• [Exercise details] Please output the line containing "De soja zanahorias, judías" and all lines that follow it in the data below, exactly, with no pictures.
── Available data ──
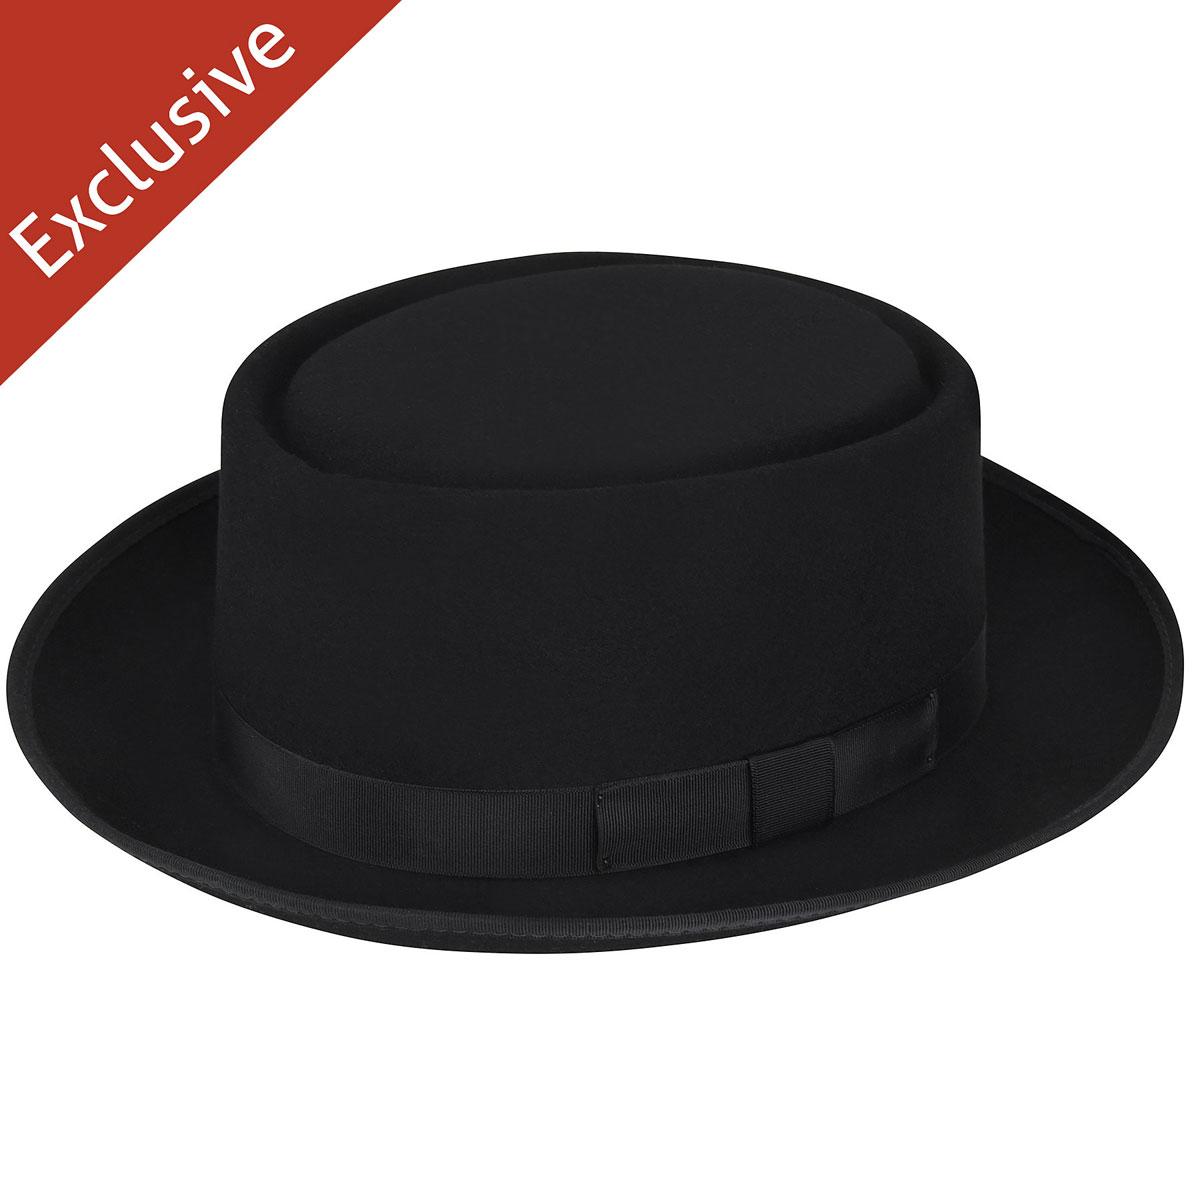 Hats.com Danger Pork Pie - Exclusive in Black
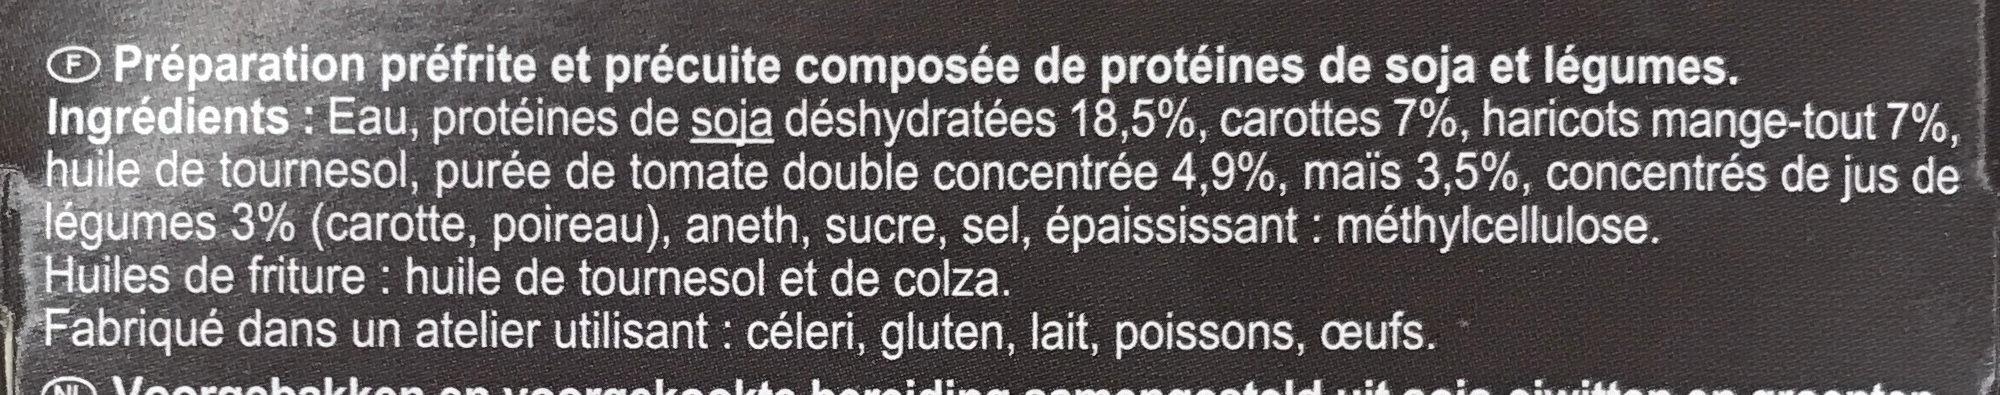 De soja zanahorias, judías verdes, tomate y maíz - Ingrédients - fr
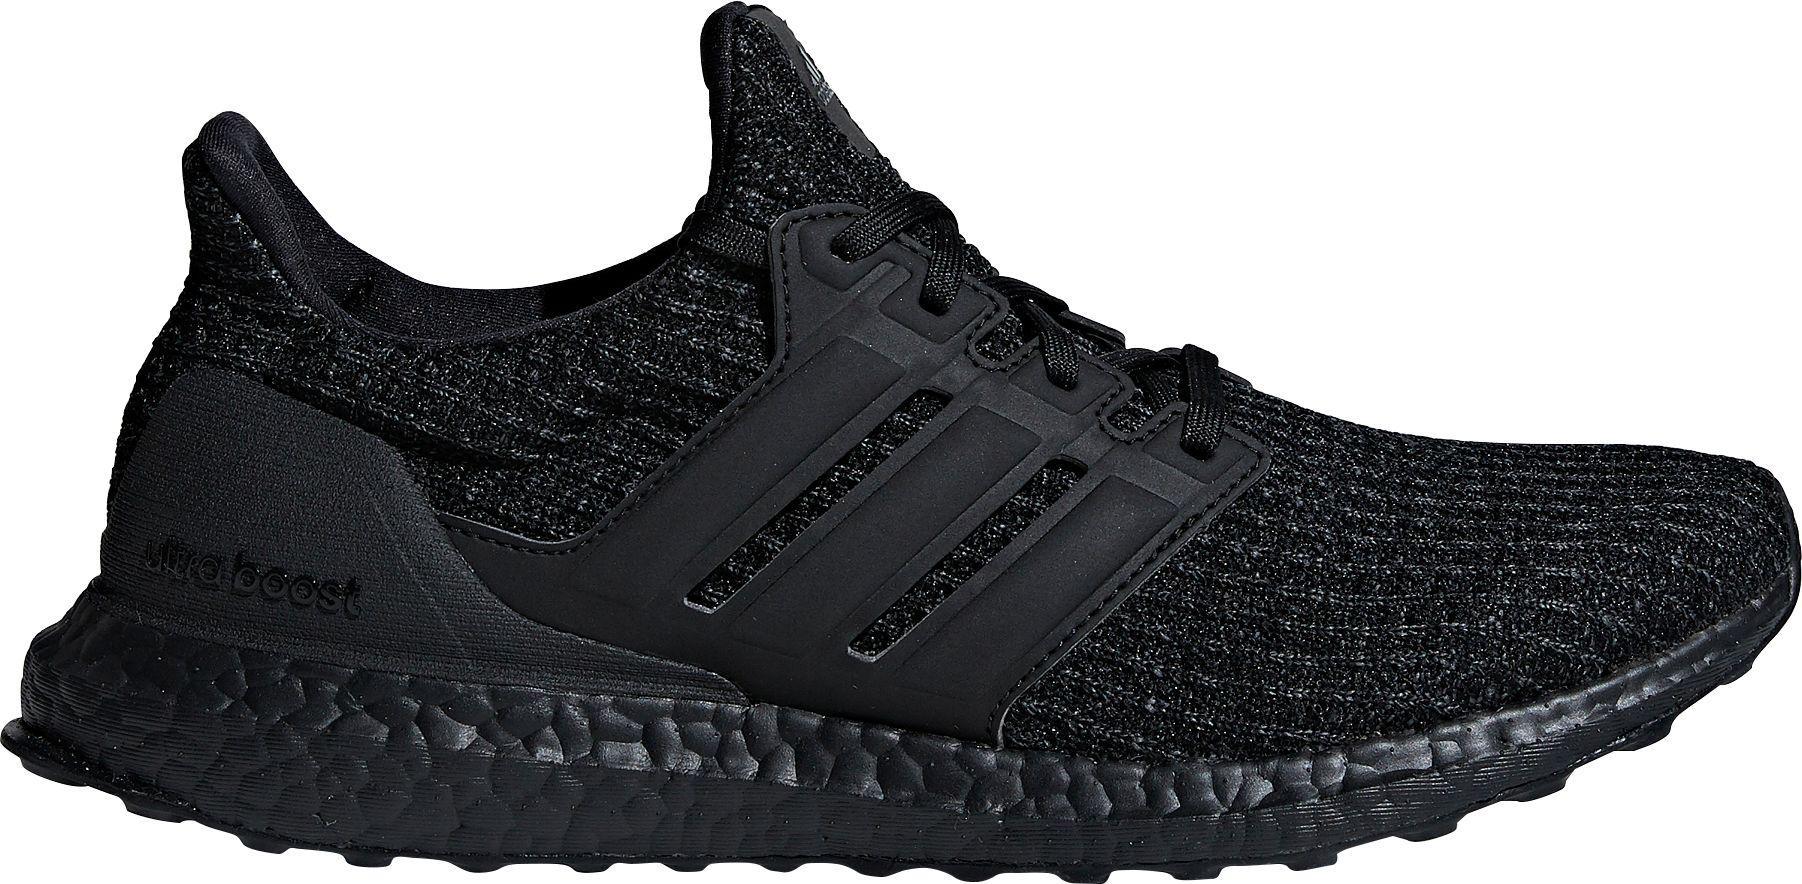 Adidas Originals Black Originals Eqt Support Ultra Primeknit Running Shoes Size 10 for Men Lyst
───
• [Answer box]
 De soja zanahorias, judías verdes, tomate y maíz - Ingrédients - fr
 Adidas Originals Black Originals Eqt Support Ultra Primeknit Running Shoes Size 10 for Men Lyst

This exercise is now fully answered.